Love Your Abusers

By February 16, 2016Archive

EMM-Love_Your_Abusers-Olney“In the final analysis, the only available options are either to reject the cross and with it the core of the Christian faith or to take up one’s cross, follow the Crucified—and be scandalized ever anew by the challenge.” – Miroslav Volf

“But I say to you who hear, Love your enemies, do good to those who hate you, bless those who curse you, pray for those who abuse you.” – Jesus of Nazareth

A few weeks ago I preached a sermon called Loves Target on Jesus’ commandment to love one’s enemies from “the sermon on the plain” recorded in Luke 6:20-49. Concerned to do justice to the original context, I repeatedly emphasized that Jesus’ words concerned Christian nonviolent resistance against injustice, specifically religious persecution.
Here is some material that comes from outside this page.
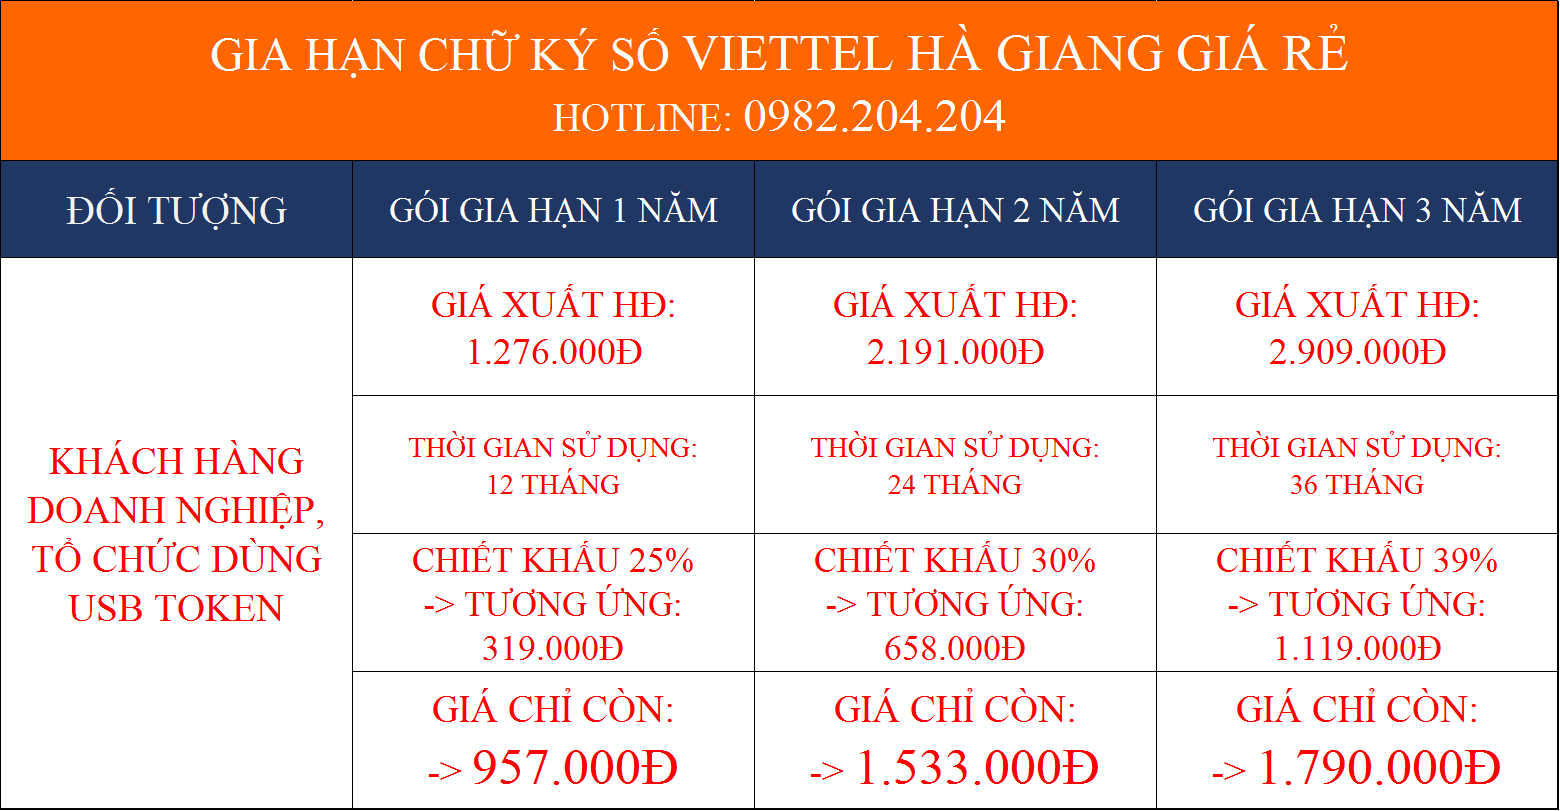 Dịch vụ gia hạn chữ ký số Viettel Hà Giang giá rẻ

I wanted to make sure not to relativize this stunning passage by cheapening it with applications to marital squabbles or a having mean boss. But after making a point about Christian love having no strings, conditions, loopholes, or reservations, I felt the burden to clarify something. I said that if you are in an abusive situation of any kind and are wondering what to do, please come and speak with me.

Well, after conversations with victims of abuse, I am left wishing that I had addressed that situation more directly from the pulpit. And to tell you the truth, I had no idea at the time what I would say if someone actually came and spoke with me. But after some prayer, conversation, reflection, and study, I am convinced that Jesus’ words and actions do suggest a rather clear pattern of response to abuse in general and not just persecution. What is needed is an eye to the cross, courage, and a little imagination.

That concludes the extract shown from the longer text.